[[ Data section open ]]
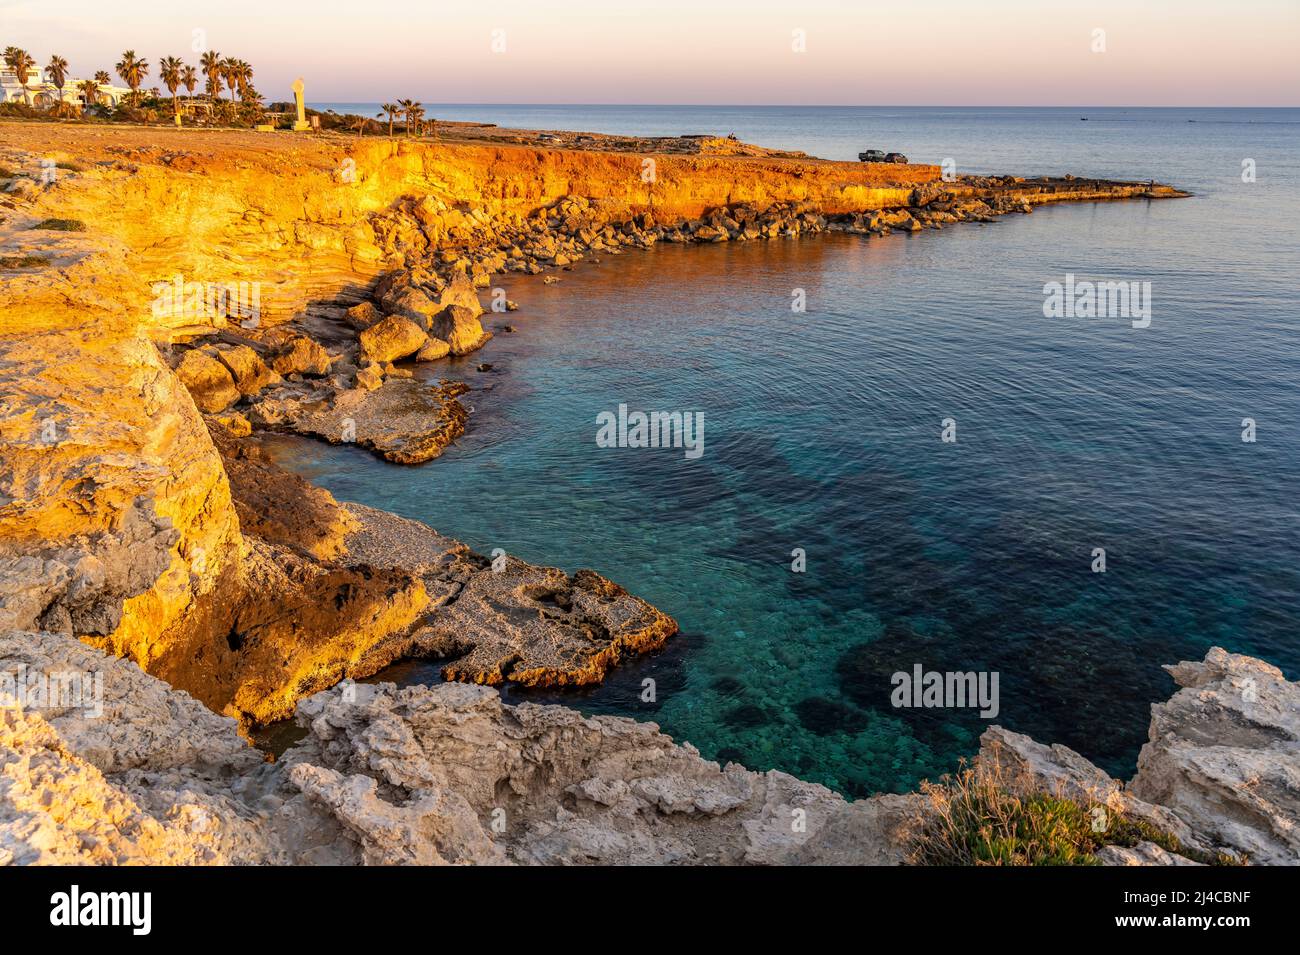 Felsen an der Küste BEI Agia Napa im Abendlicht, Zypern, Europa | la côte rocheuse près d'Ayia Napa dans la lumière du soir, Chypre, Europe Banque D'Images
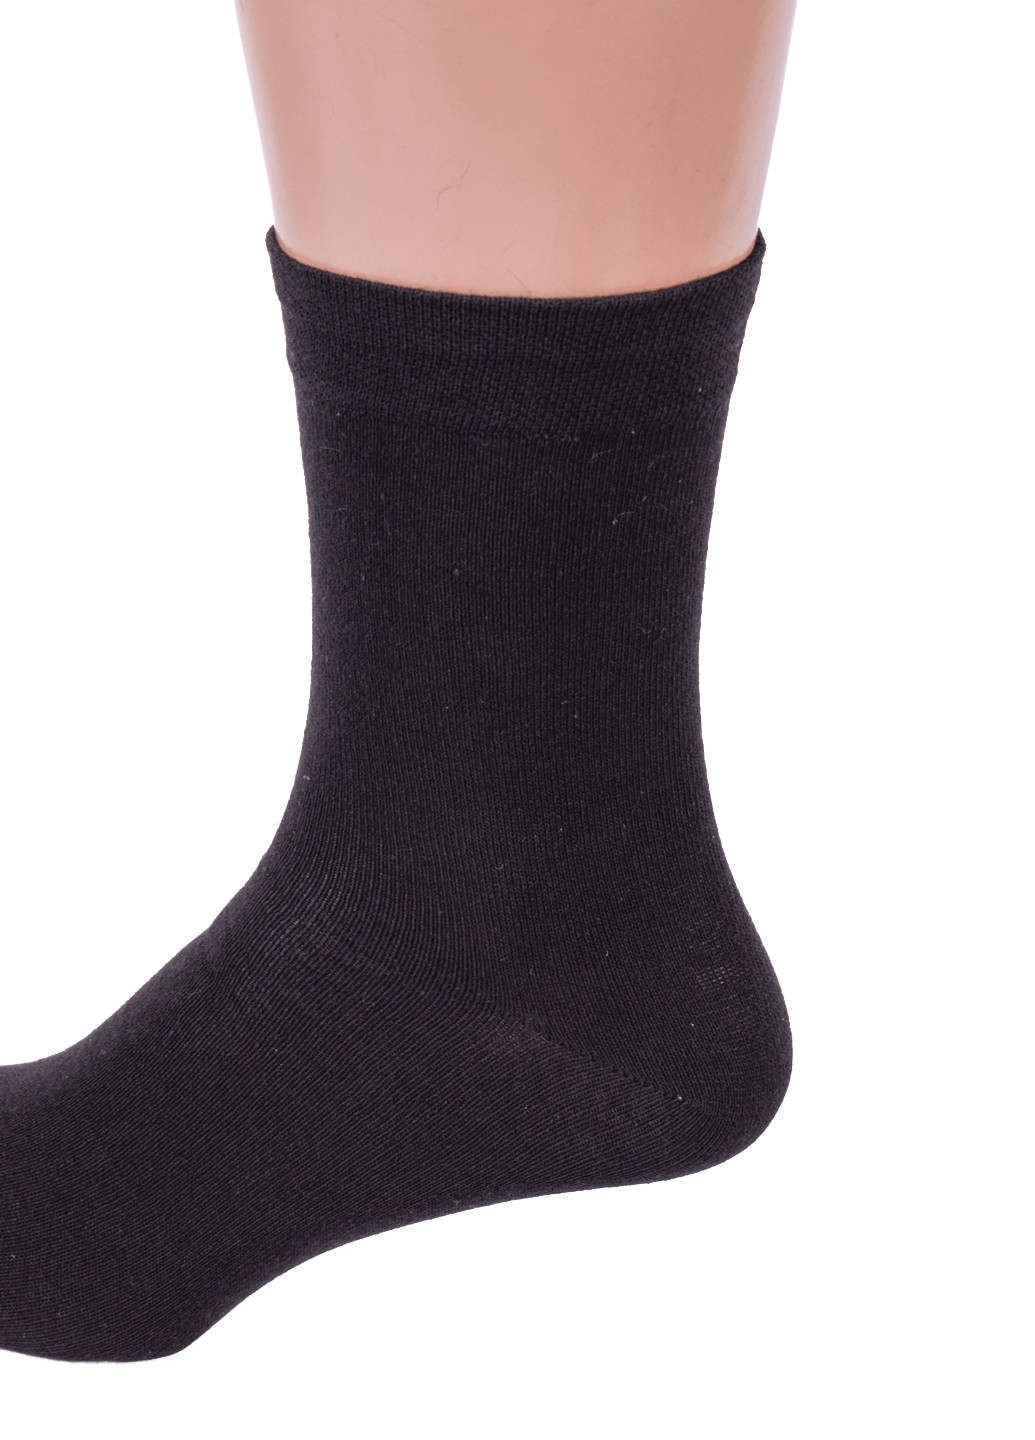 Шкарпетки чоловічі чорні Milano AV001-17. Упаковка 12 пар. Розмір 41-45. Dukat (215474760)
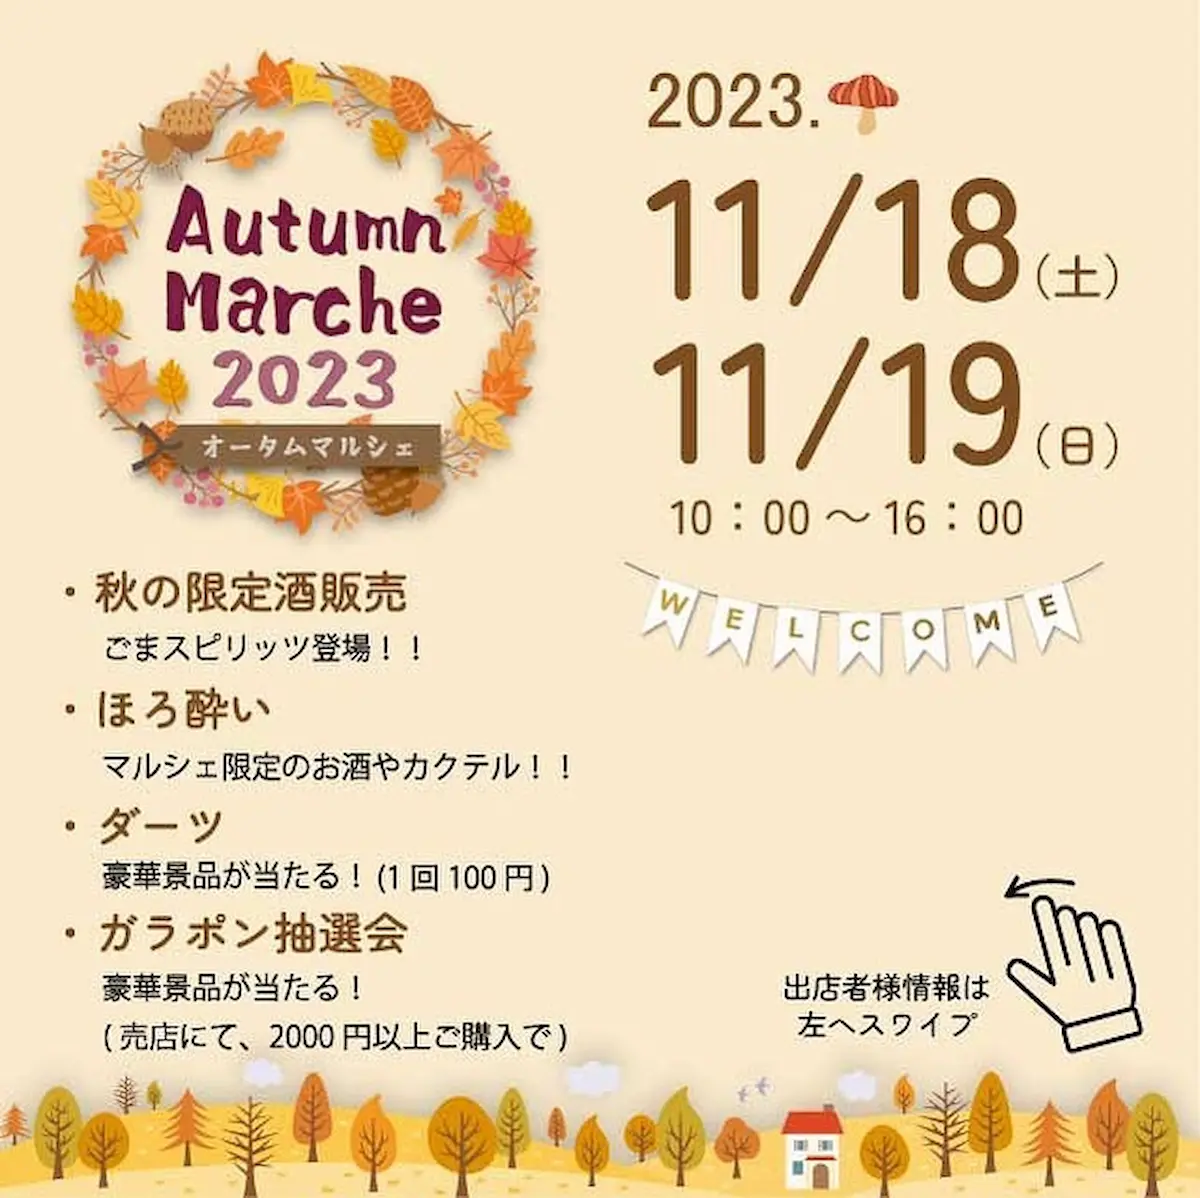 Autumn Marche 2023
[[ Data section closed ]]
> _Directions_
Please print exactly the lines running from the line with "Шкарпетки чоловічі чорні" through the final line of the material, and nothing more. Keep pictures out.

> _Task answer_
 Шкарпетки чоловічі чорні Milano AV001-17. Упаковка 12 пар. Розмір 41-45. Dukat (215474760)
 Autumn Marche 2023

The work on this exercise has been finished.